The WJP Rule of Law Index 2015® relies on over 100,000 household and 2,400 expert surveys to measure how the rule of law is experienced in practical, everyday situations by ordinary people around the world. Performance is assessed using 44 indicators across eight categories, each of which is scored and ranked globally and against regional and income peers: Constraints on Government Powers, Absence of Corruption, Open Government, Fundamental Rights, Order and Security, Regulatory Enforcement, Civil Justice, and Criminal Justice.
The WJP Rule of Law Index is the most comprehensive index of its kind and the only to rely solely on primary data.

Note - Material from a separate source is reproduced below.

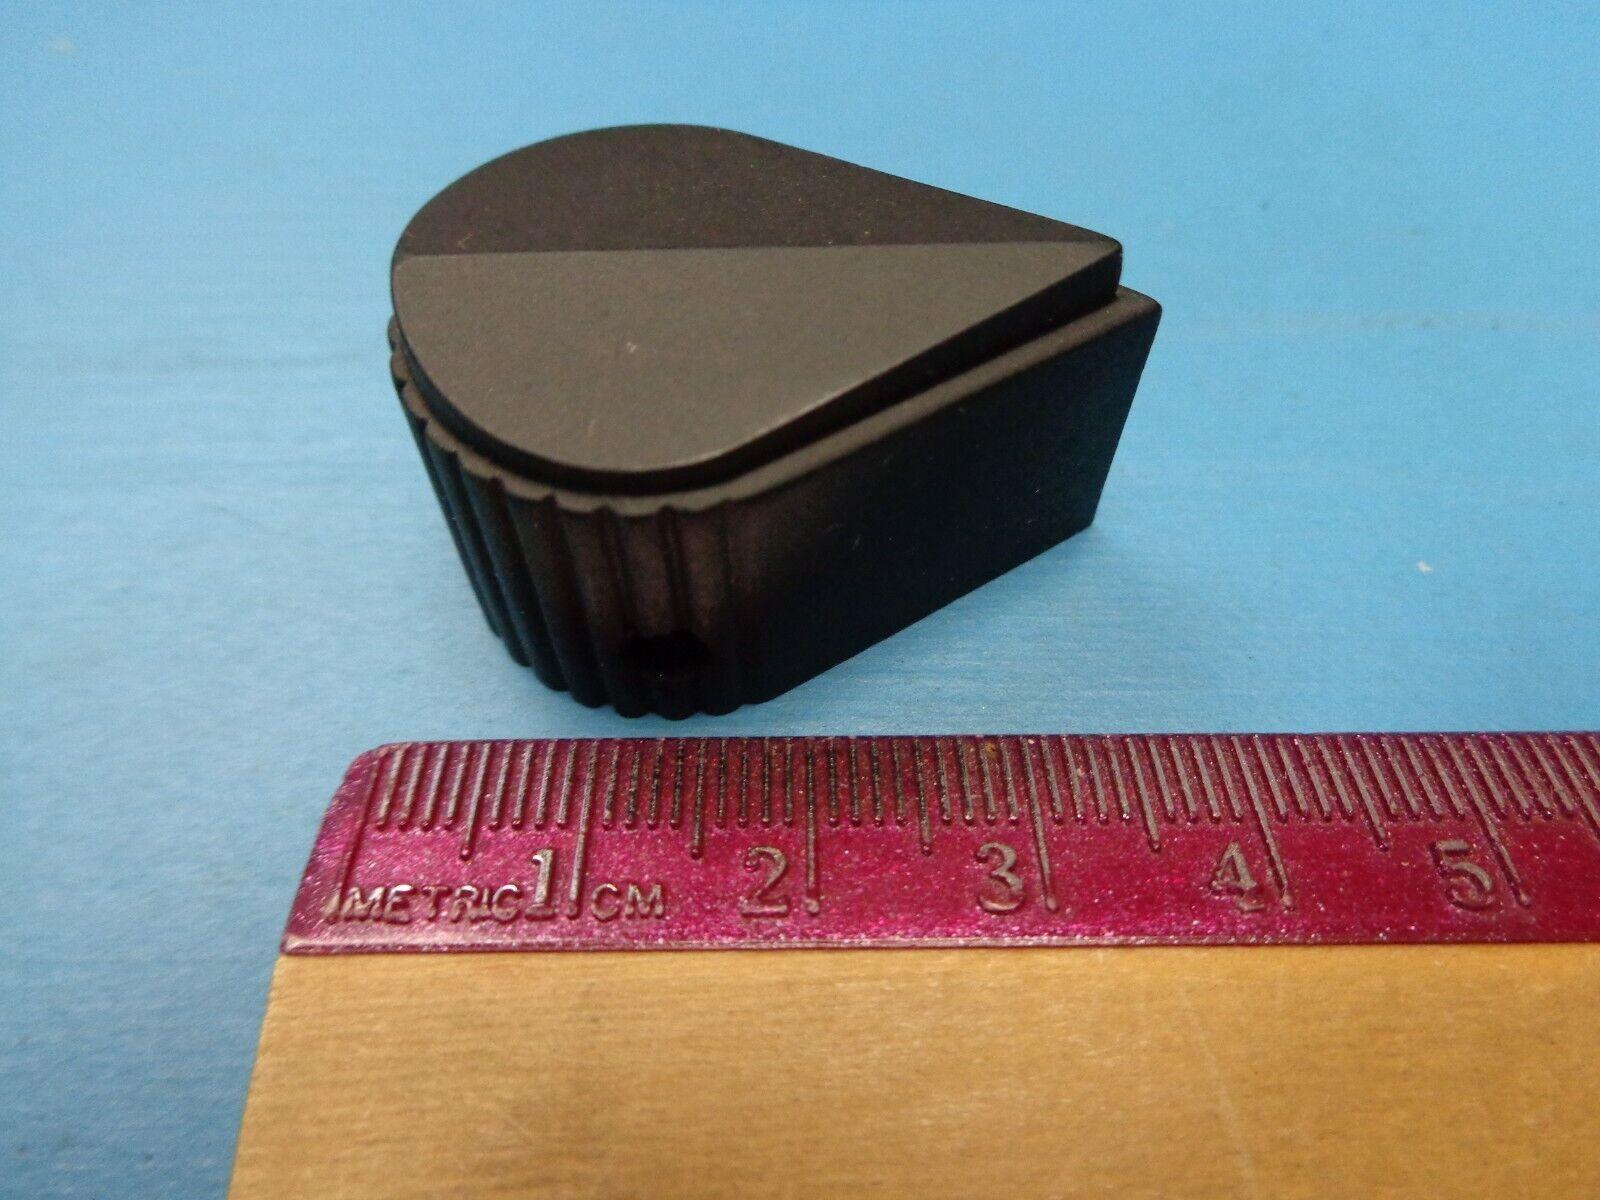 1 piece ELECTRONIC HARDWARE MS91528-1P2B POINTER BAR KNOB EHC 6.35MM

The Index’s scores are built from the assessments of local residents (1,000 respondents per country) and local legal experts, ensuring that the findings reflect the conditions experienced by the population, including marginalized sectors of society.
What is the Rule of Law?
Derived from internationally accepted standards, the World Justice Project’s definition of the rule of law is a system in which the following four universal principles are upheld:
- The government and its officials and agents as well as individuals and private entities are accountable under the law.
- The laws are clear, publicized, stable, and just; are applied evenly; and protect fundamental rights, including the security of persons and property.
- The process by which the laws are enacted, administered, and enforced is accessible, fair, and efficient.
- Justice is delivered timely by competent, ethical, and independent representatives and neutrals who are of sufficient number, have adequate resources, and reflect the makeup of the communities they serve.
These four universal principles are further developed in the nine factors of the WJP Rule of Law Index, which measures how the rule of law is experienced by ordinary people in 99 countries around the globe.